In [1]:
import numpy as np
import yaml
import torch
import torch.nn as nn
import torch.nn.functional as F

from competence_estimation.utils import load_data, get_network_weights, mix_open
from competence_estimation.scores  import create_score_function
from competence_estimation.metrics  import compute_metric

# Short Introduction

The following files are required:
* {x}_id_train.npy
* {x}_id_val.npy
* {x}_id_test.npy
where x = features, logits, labels

and the same for ood samples:
* {x}_ood
where x = features, logits, labels

Additionally we require the weights w and biases b of the last layer

# Data and Config Loading

In [27]:
def calculate_fourier_spectrum(im, typ='MFS'):
    # im = im.float()
    # im = im.cpu()
    # im = im.data.numpy() # transform to numpy
    fft = np.fft.fft2(im)
    if typ == 'MFS':
        fourier_spectrum = np.abs(fft)
    elif typ == 'PFS':
        fourier_spectrum = np.abs(np.angle(fft))
    # if  (args.net == 'cif100' or args.net == 'cif100vgg') and (args.attack=='cw' or args.attack=='df'):
    #     fourier_spectrum *= 1/np.max(fourier_spectrum)
    return fourier_spectrum

In [28]:
with open("config.yml", "r") as file:
    config = yaml.safe_load(file)

In [29]:
# Here you have to include your own path
# dataset_path = "/home/DATA/ITWM/lorenzp/"
dataset_path = "/home/lorenzp/workspace/competence_estimation/features/cifar10"
# algorithm = "ERM"
model = "resnet18"

w = np.load(f"{dataset_path}/{model}_W.npy")
b = np.load(f"{dataset_path}/{model}_b.npy")

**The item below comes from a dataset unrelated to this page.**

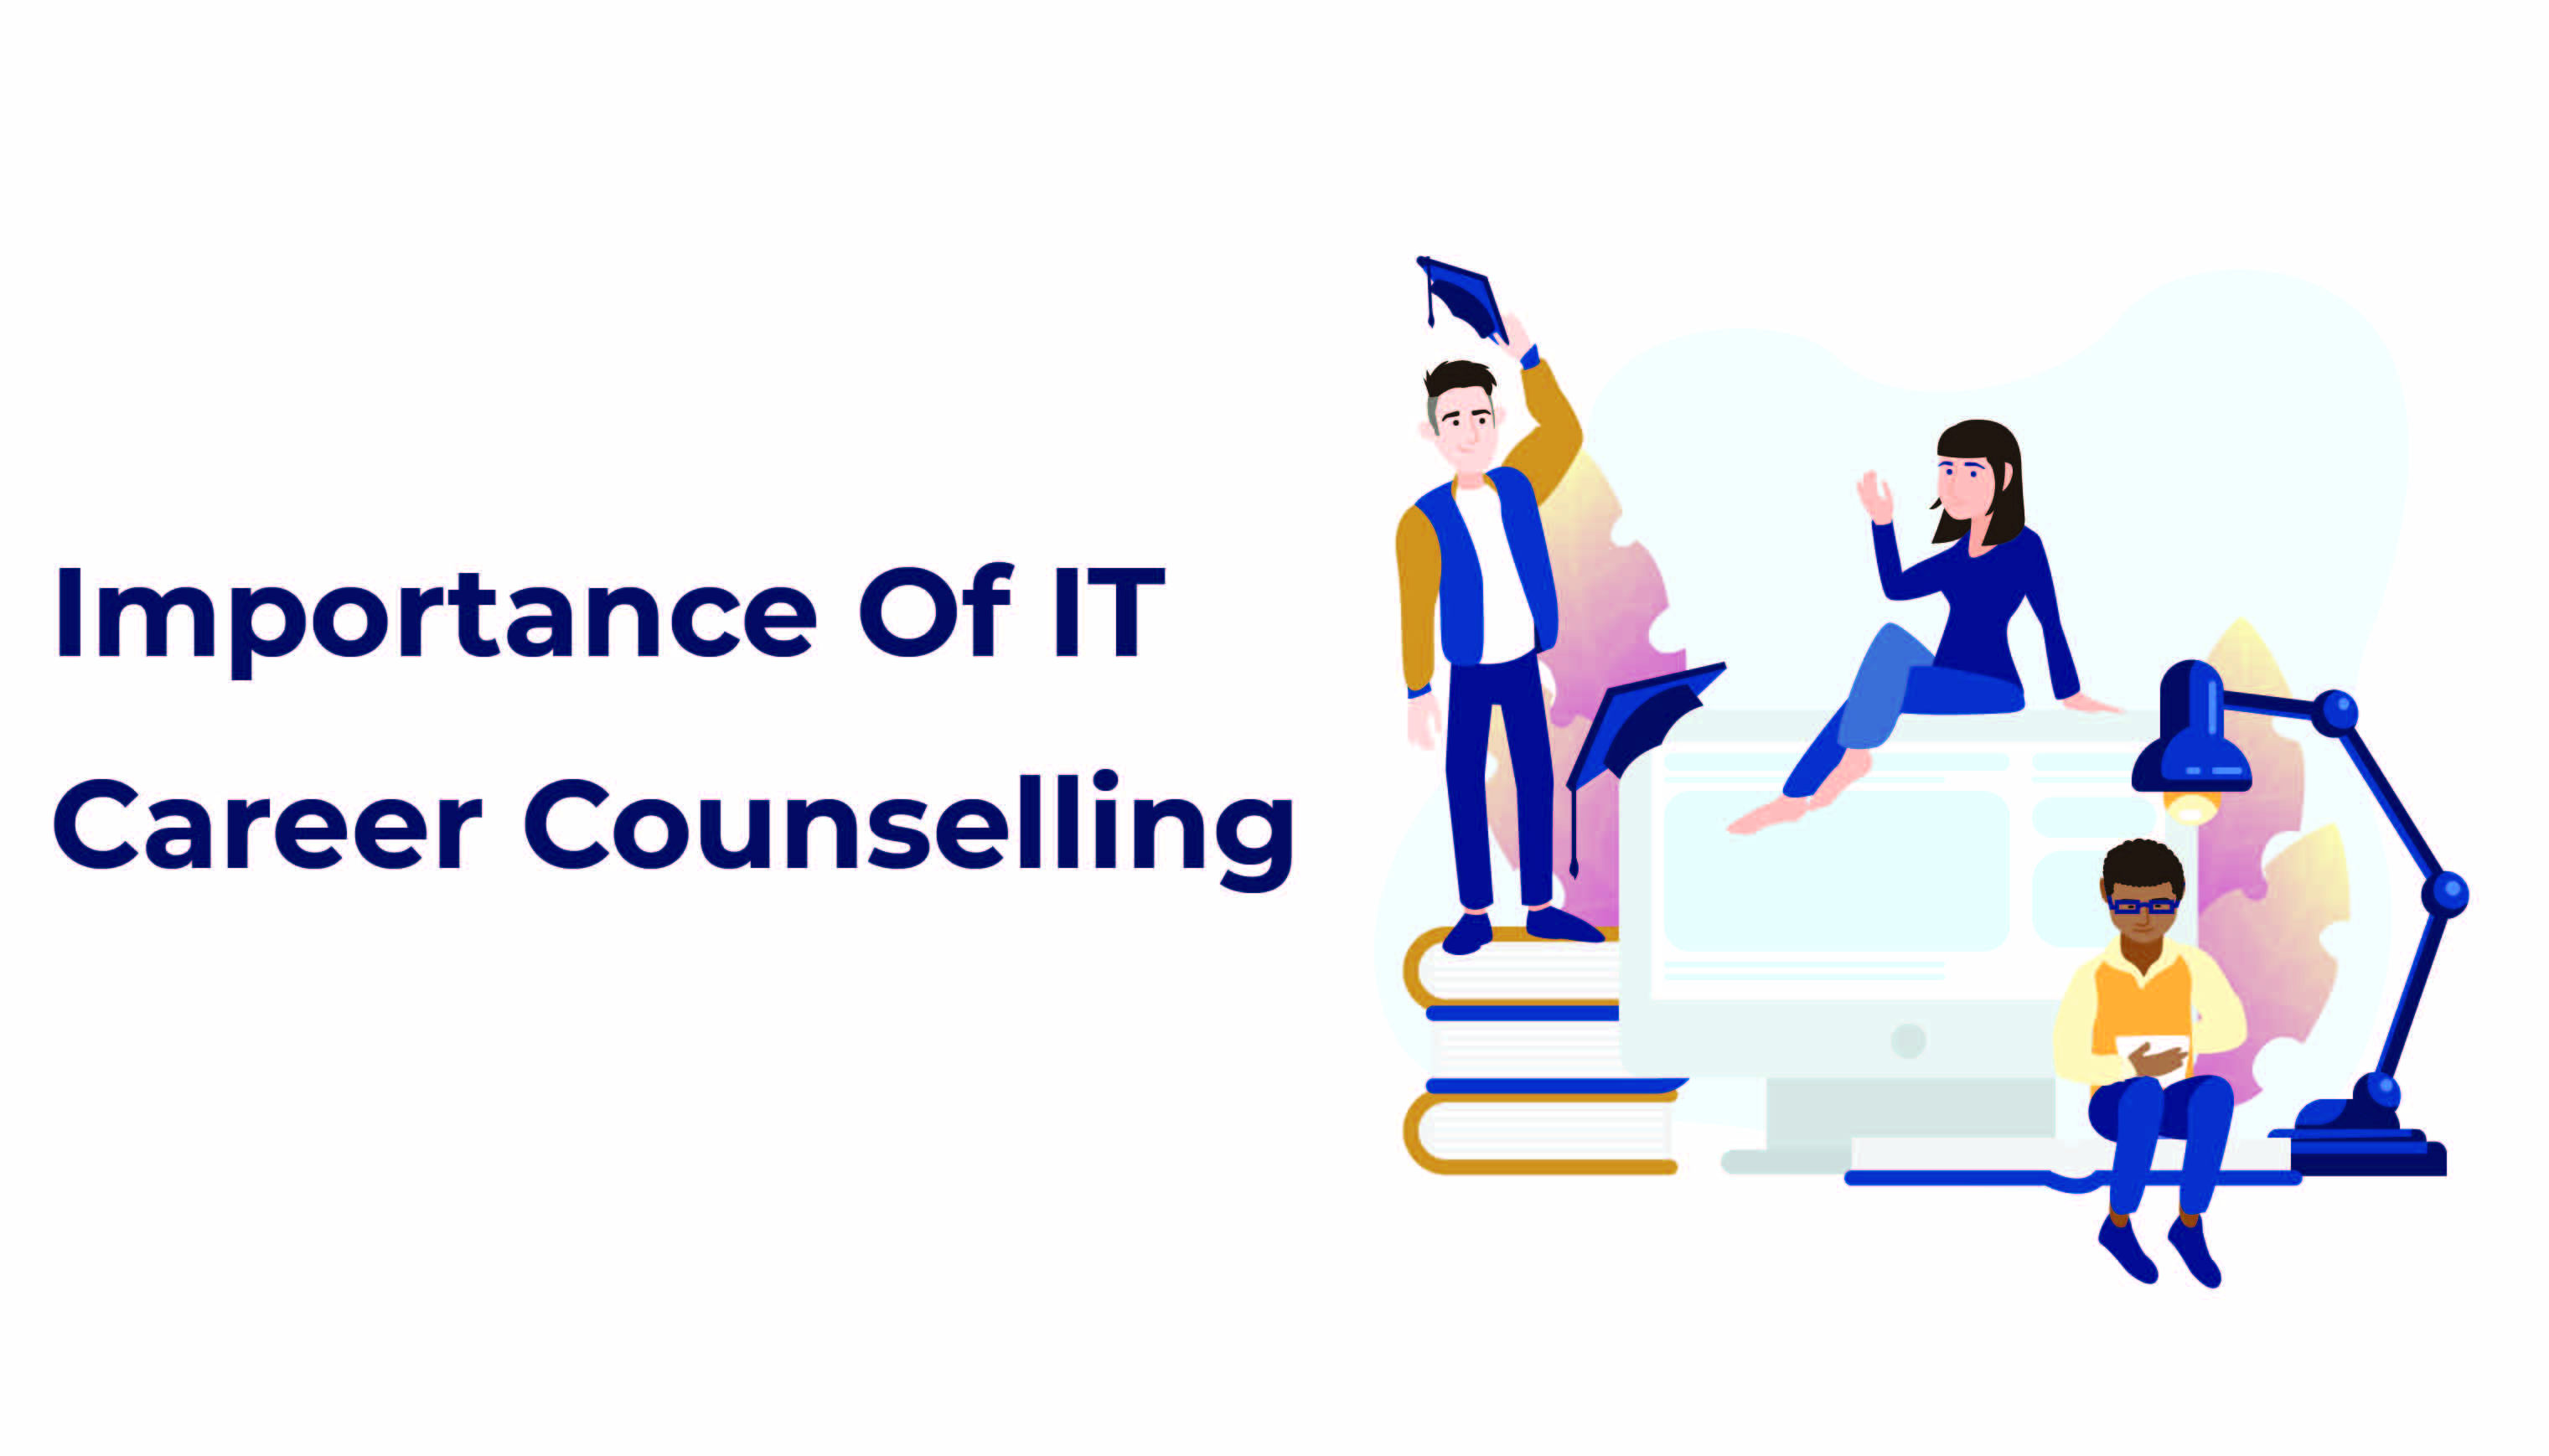 The Importance Of IT Career Counselling

# Features/logits/labels Trainings data
features_id_train =  np.load(f"{dataset_path}/features_{model}_train.npy")[:5000]
logits_id_train = np.load(f"{dataset_path}/logits_{model}_train.npy")[:5000]
labels_id_train =  np.load(f"{dataset_path}/labels_{model}_train.npy")[:5000]

# Features/logits/labels Validation data
features_id_val = np.load(f"{dataset_path}/features_{model}_test.npy")[:5000]
logits_id_val = np.load(f"{dataset_path}/logits_{model}_test.npy")[:5000]
labels_id_val = np.load(f"{dataset_path}/labels_{model}_test.npy")[:5000]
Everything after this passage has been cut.